THE PROBLEM –
Records follow. Print exactly the lines from the one that has "Chanel Quilted Medium" through the one that has "CHA368344 | The", inclusive, and omit the pictures.

EXERCISE INPUTS –
────────
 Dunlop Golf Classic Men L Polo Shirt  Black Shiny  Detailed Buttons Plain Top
────────
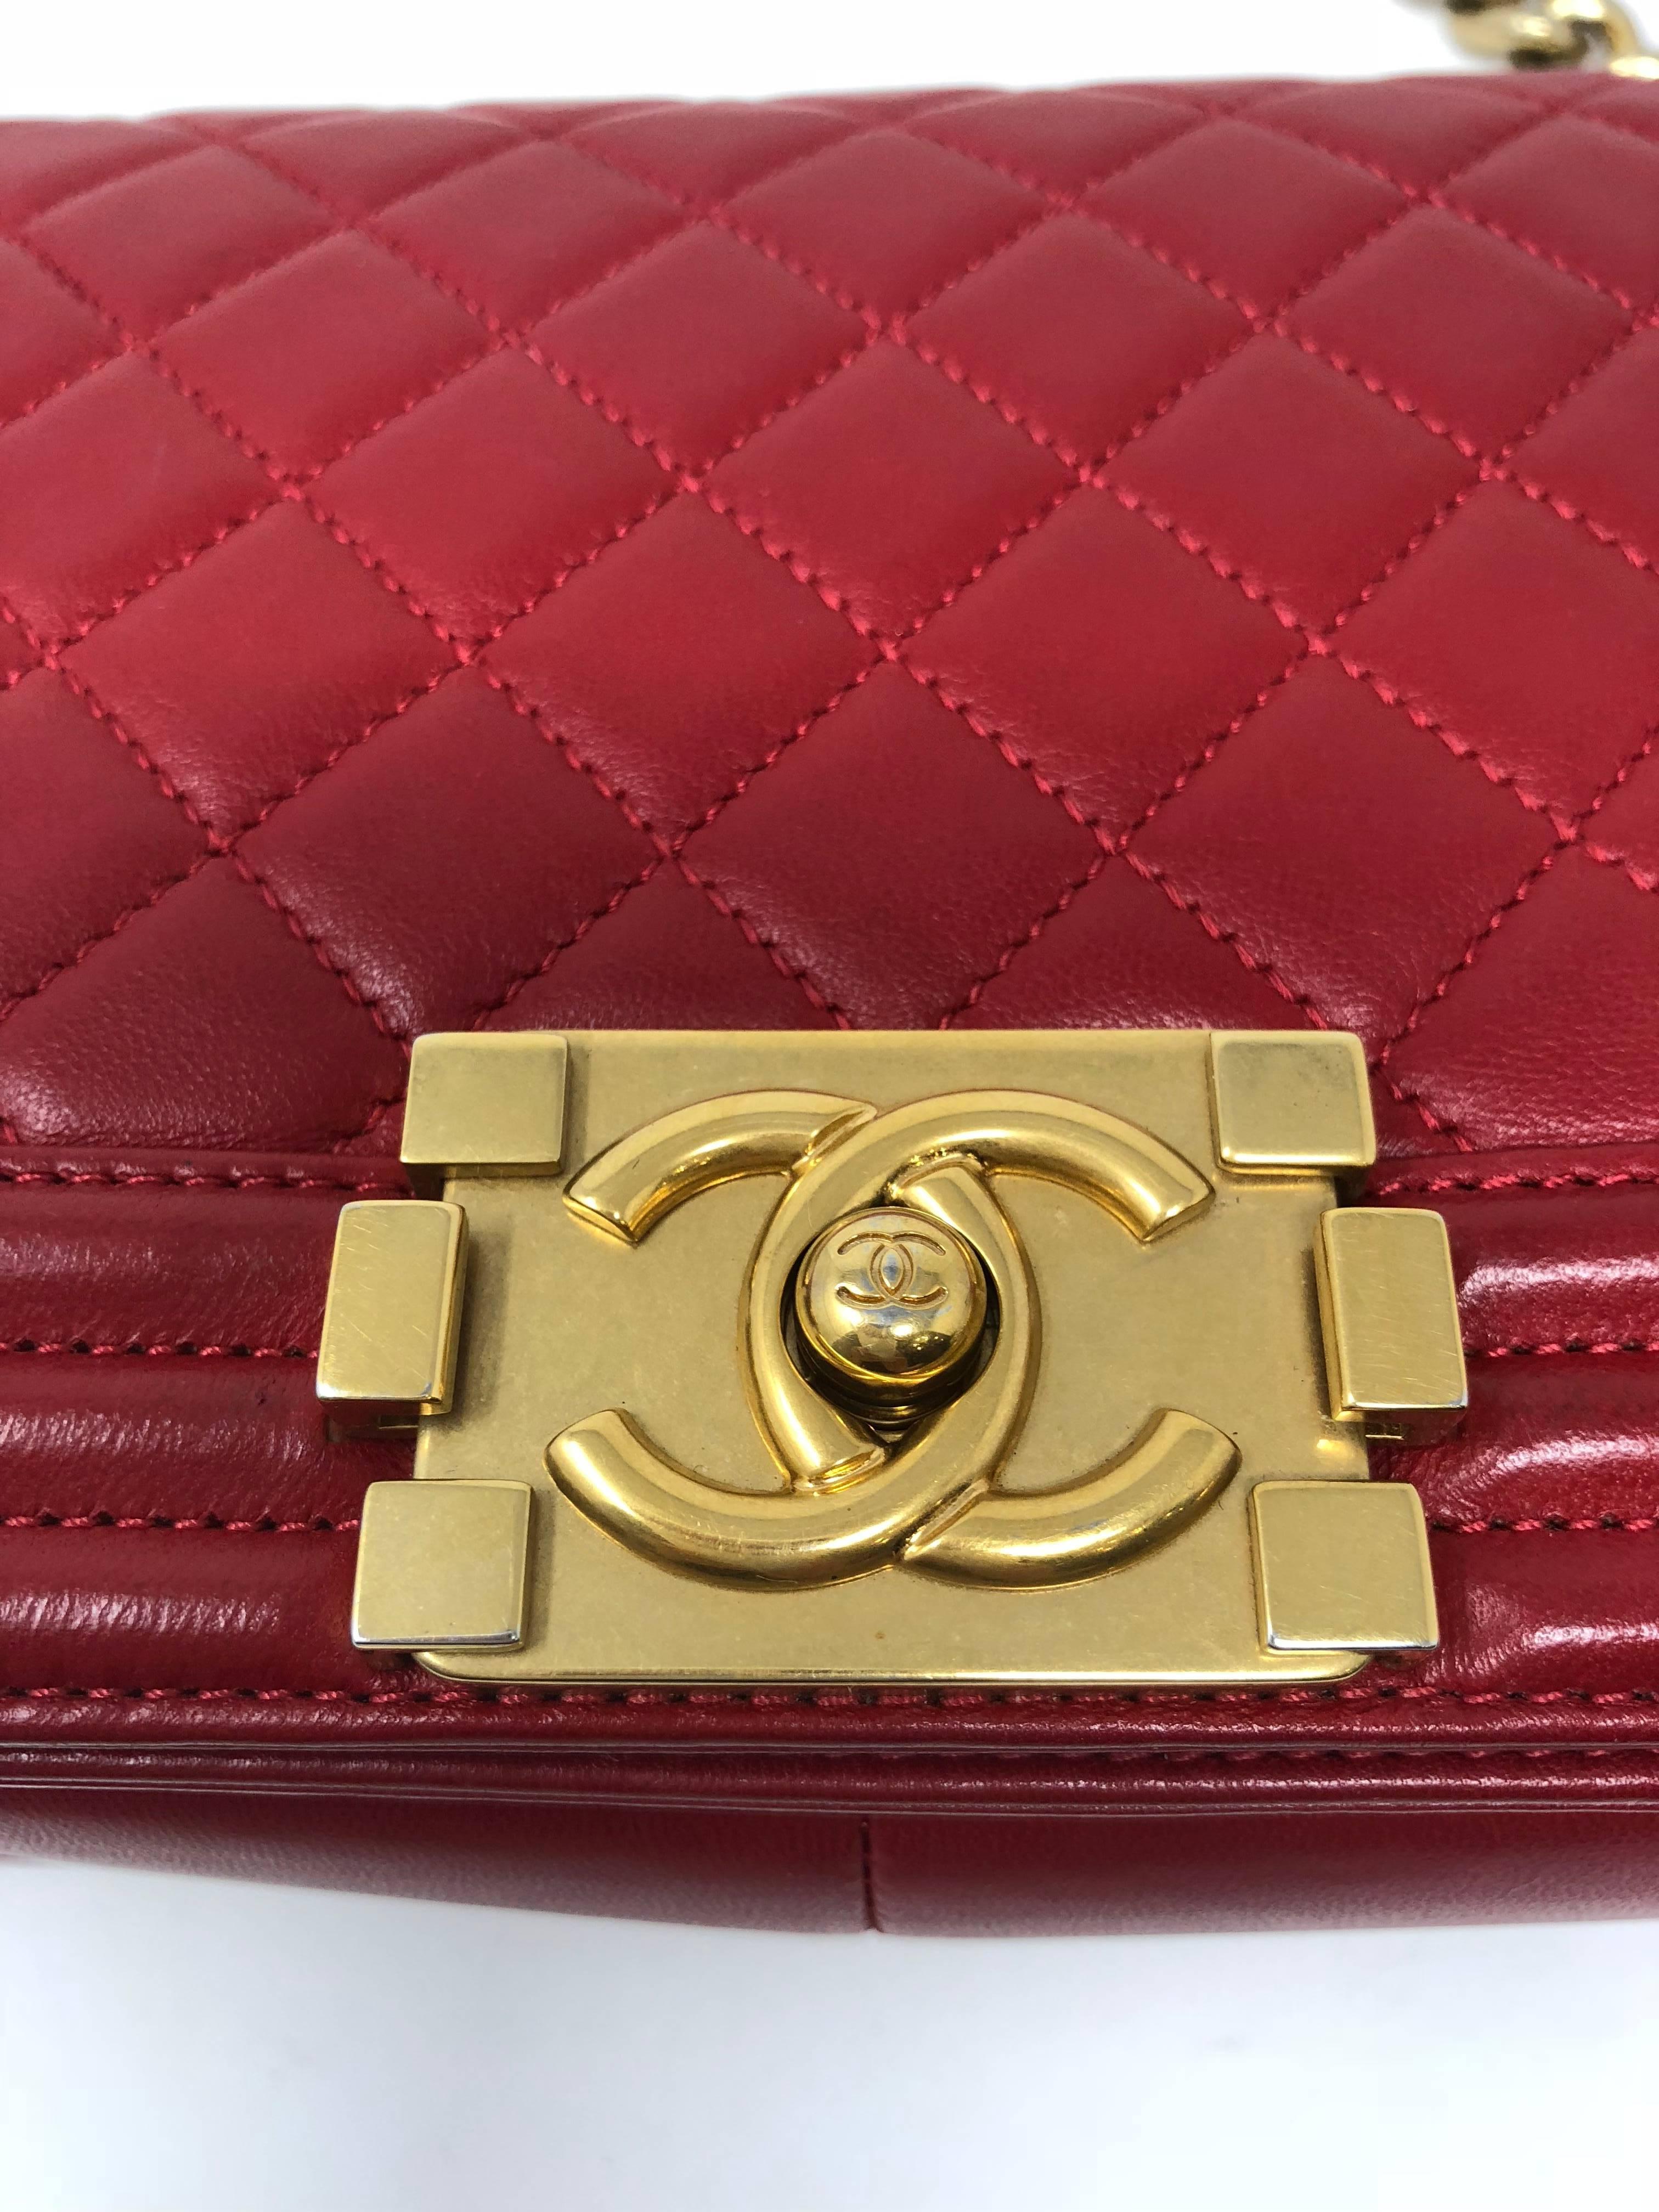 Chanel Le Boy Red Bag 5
────────
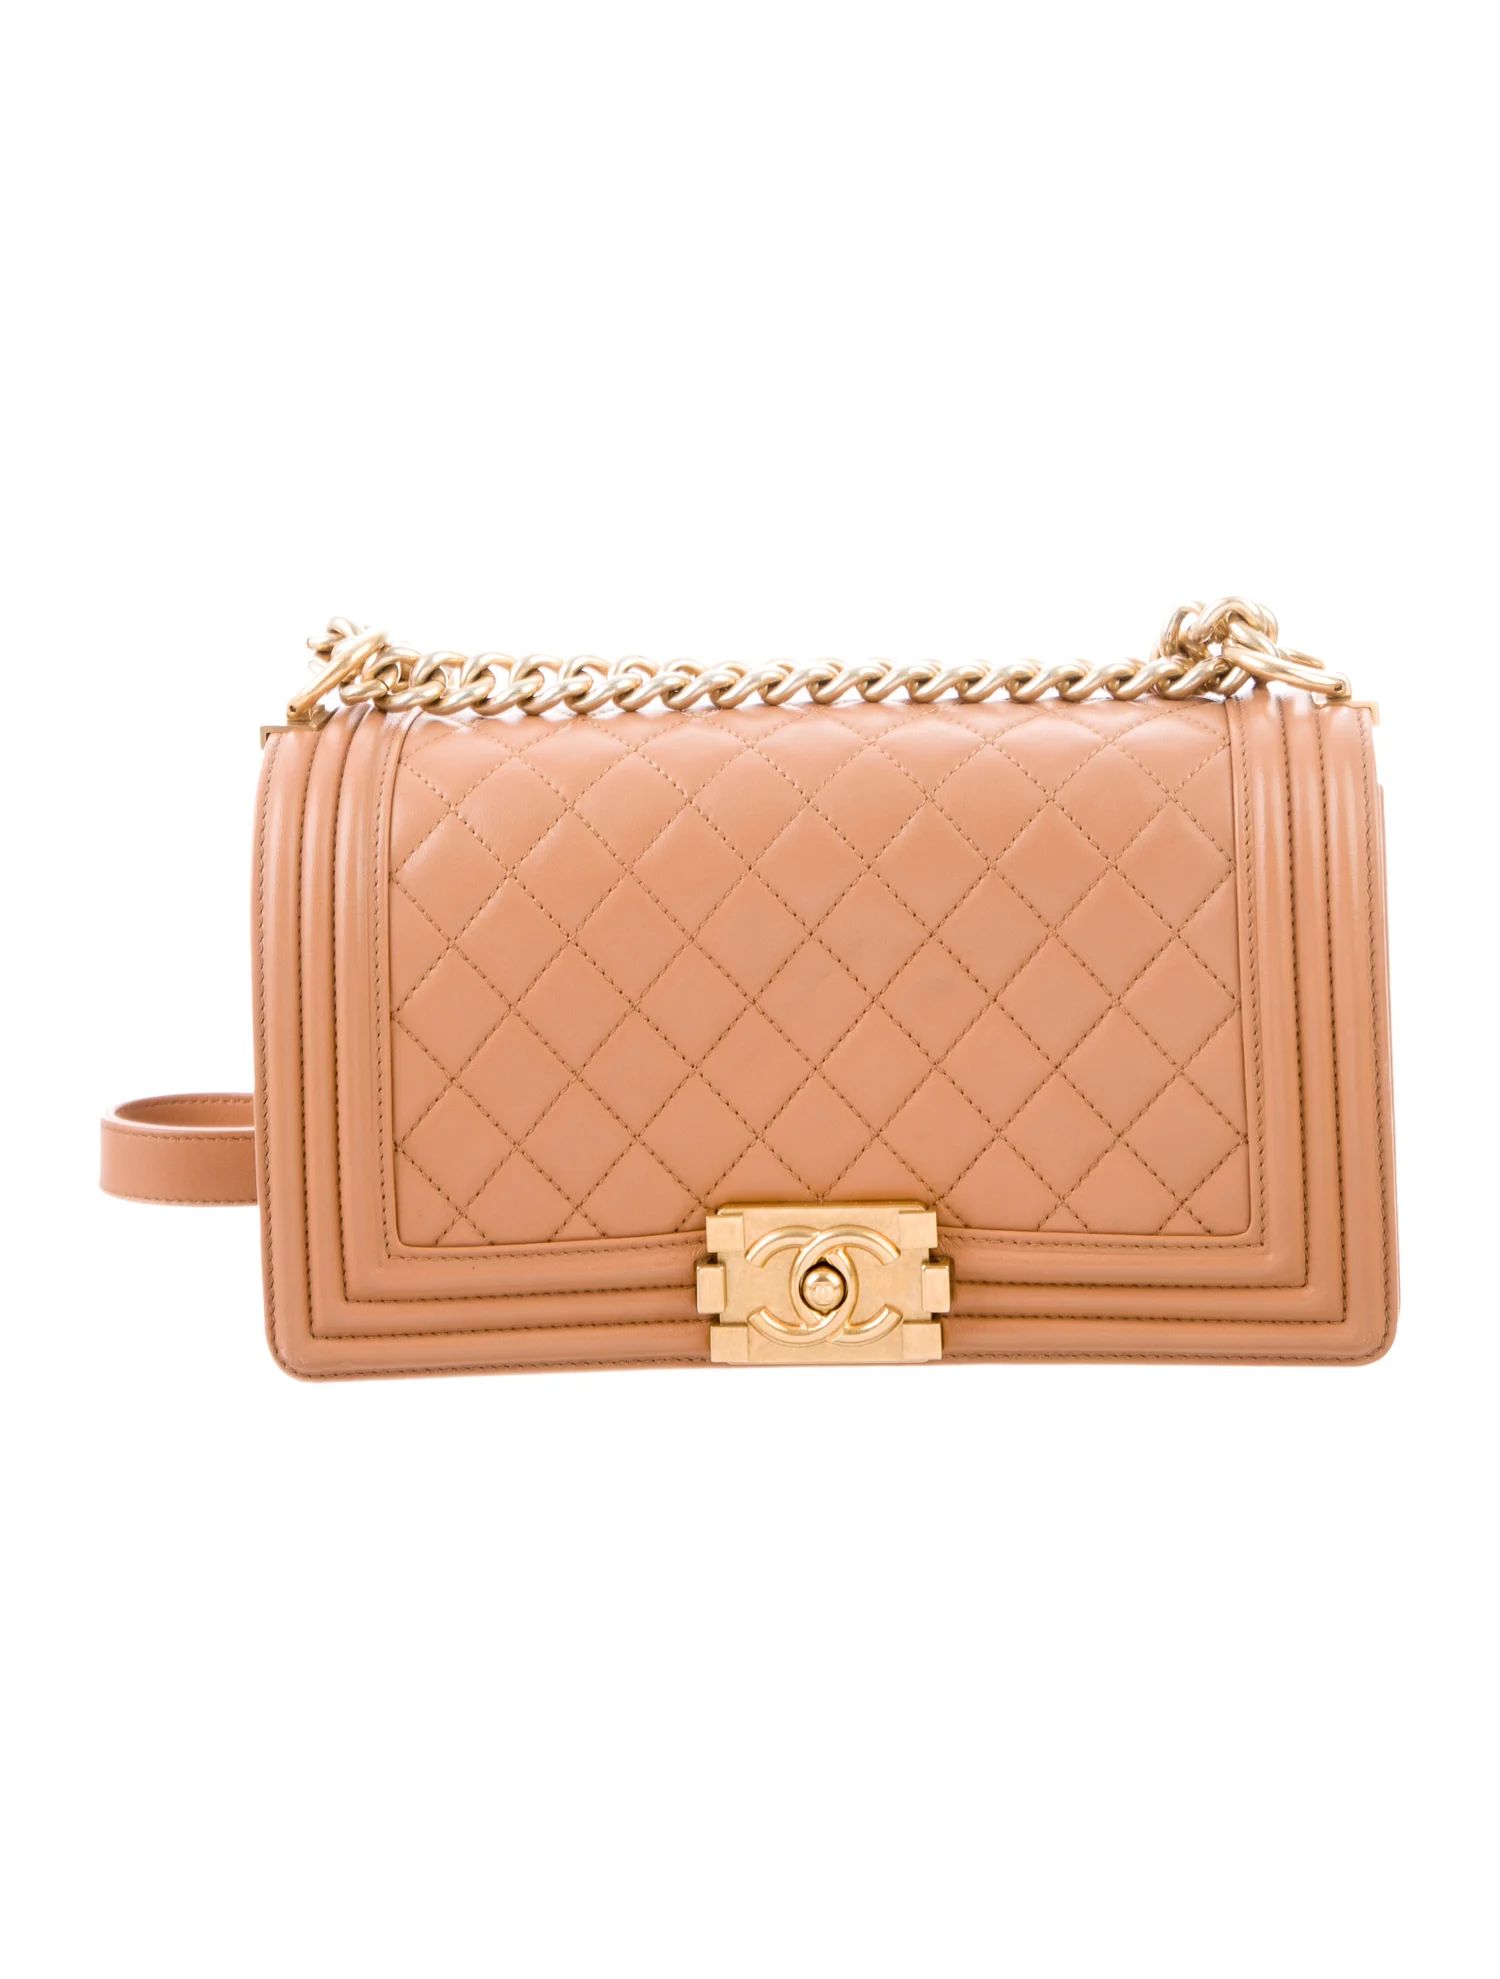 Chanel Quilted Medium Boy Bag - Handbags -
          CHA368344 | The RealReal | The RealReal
────────
ANSWER TO THE PROBLEM –
 Chanel Quilted Medium Boy Bag - Handbags -
          CHA368344 | The RealReal | The RealReal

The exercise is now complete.